However, despite the large rate hike and clear resolve to continue to fight inflation, the details of May’s meeting and press conference were not as hawkish as many market participants had expected, and the bond market reacted accordingly. Powell downplayed the need for 75 bp rate hikes and emphasised that the Fed will need to be “nimble” to react to the ongoing evolution of economic data. This was consistent with PIMCO’s expectation that the rapid pace of tightening this summer will be followed in the fall and winter by continued, but less aggressive, rate increases.

We agree that the Fed will have to navigate nimbly in the coming months as it tries to tame high inflation without breaking the US economy. While the economy is starting from a position of strength, including stable household and business balance sheets, we see downside risks to growth amid a faster monetary tightening cycle, withdrawal of fiscal support, elevated geopolitical uncertainty, lockdowns in China, and depressed confidence levels, which will make the Fed’s desired soft landing difficult to achieve. The 1.4 per cent contraction in real US GDP in the first quarter was a reminder that reopening and rebalancing the economy will be a bumpy process. As growth slows, we expect the Fed will inject smaller moves and/or pauses into an otherwise rapid tightening cycle.

John Vail, chief global strategist, Nikko Asset Management
The FOMC decision and Powell news conference were somewhat less hawkish than expected, with Powell seemingly in no panic to reach a neutral level, especially as there seems to be no consensus on where that might be.

US Treasuries yields fell after the news conference, with the exception of 30-year rates, which were quite flat, indicating that the long-term bond investors did not take too much heart in the news, likely feeling that any slight slowdown in hiking speed now means little for the long term.

The overall news reduced depreciation pressure on the Yen, but also increased commodity prices, which is close to a 'wash' for inflation expectations in Japan. Natural gas prices in particular are soaring, on which Japan greatly relies.

David Kohl, chief economist, Julius Baer 
Beyond this bold action, US Federal Reserve (Fed) Chair Powell rejected the idea of even more aggressive action, like a 75 basis points rate hike and the intention to slow the economy in order to bring inflation down, delivering a rather dovish message. We stick to our view of additional rate hikes in the June and July meetings before slowing inflation will allow the Fed to slow its pace of policy normalisation.

As expected, the FOMC increased the federal funds target rate range by 50 basis points, to 0.75 per cent–1 per cent, and signalled additional rate hikes in the coming meetings. The shrinking of its balance sheet will start as planned in June by allowing securities worth $95 billion to mature each month.
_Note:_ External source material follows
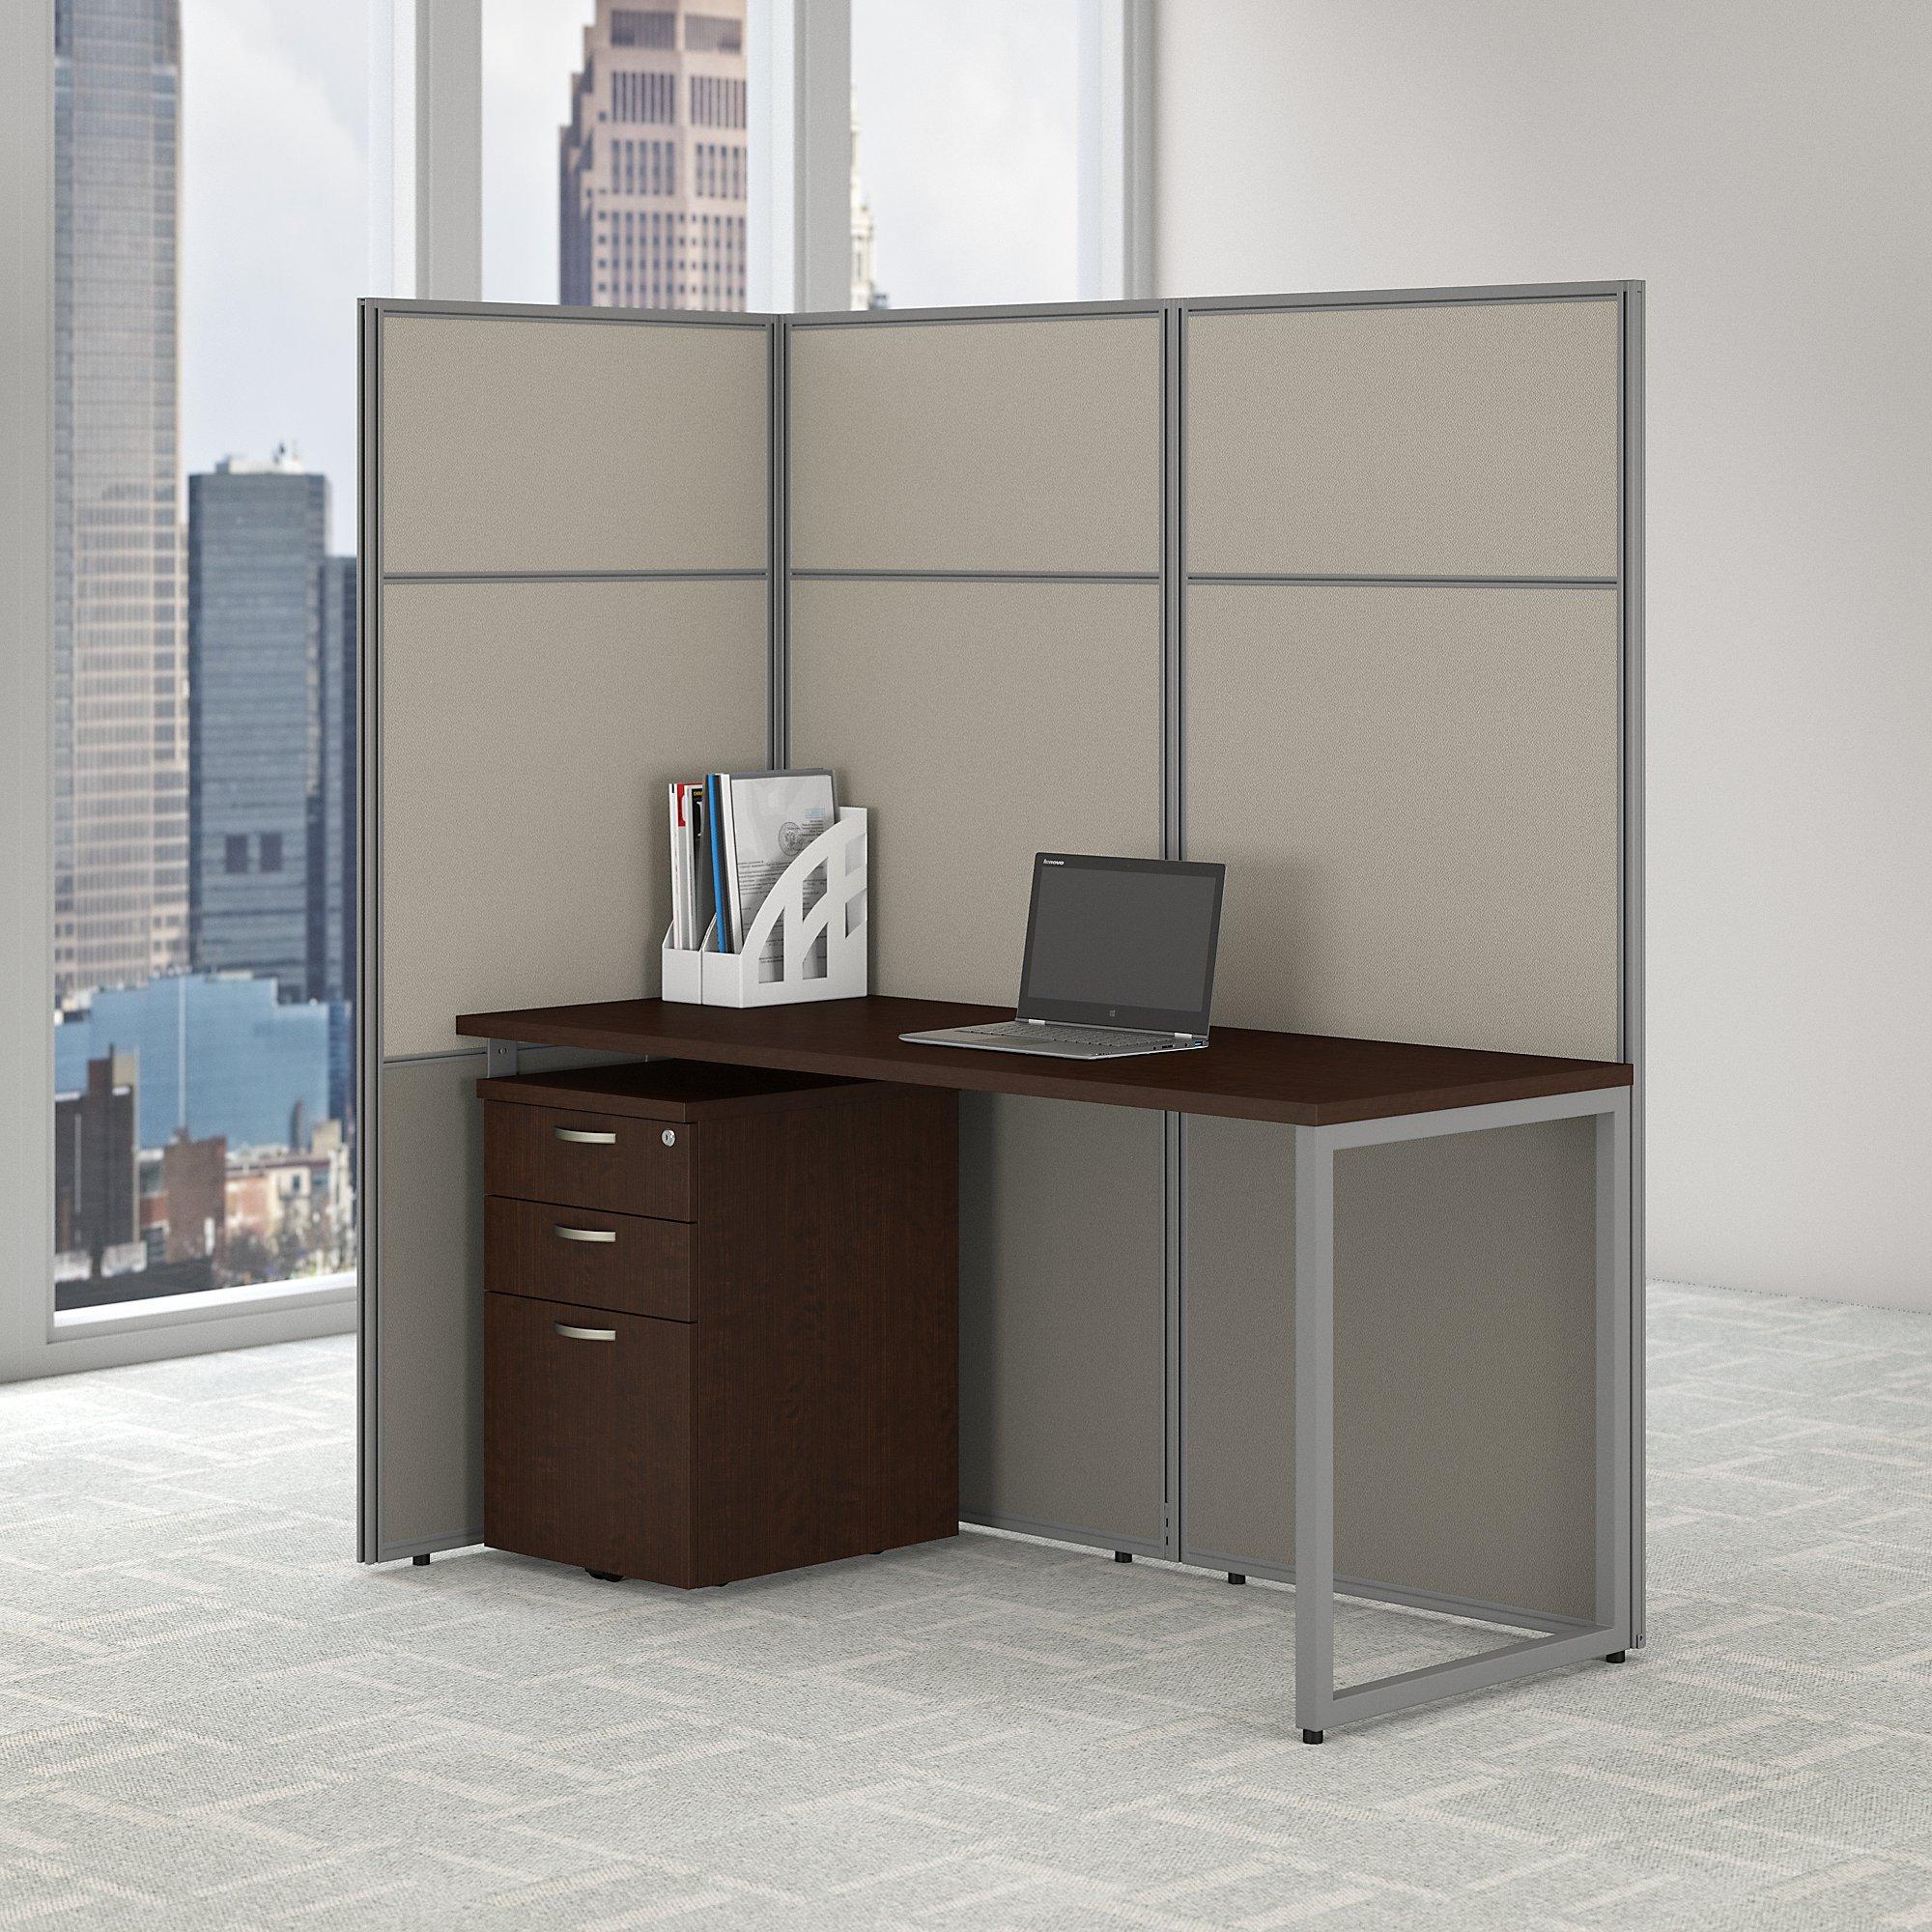 mocha cherry single user cubicle

The major dovish surprise had been comments by Fed Chair Jerome Powell that a more aggressive policy normalisation of rate hikes beyond the 50 basis points hikes would not be considered. 

We continue to expect that the Fed will hike the federal funds target rate band by 50 basis points in each of the upcoming meetings, reaching a target range of 1.75 per cent to 2.00 per cent in July [2022]. In addition, Powell signalled that the Fed will maintain a neutral policy stance, dampening fears that they will try to crash record high inflation by slowing economic growth. The Fed’s challenge remains normalising monetary policy from a highly expansionary stance without causing a serious economic slowdown.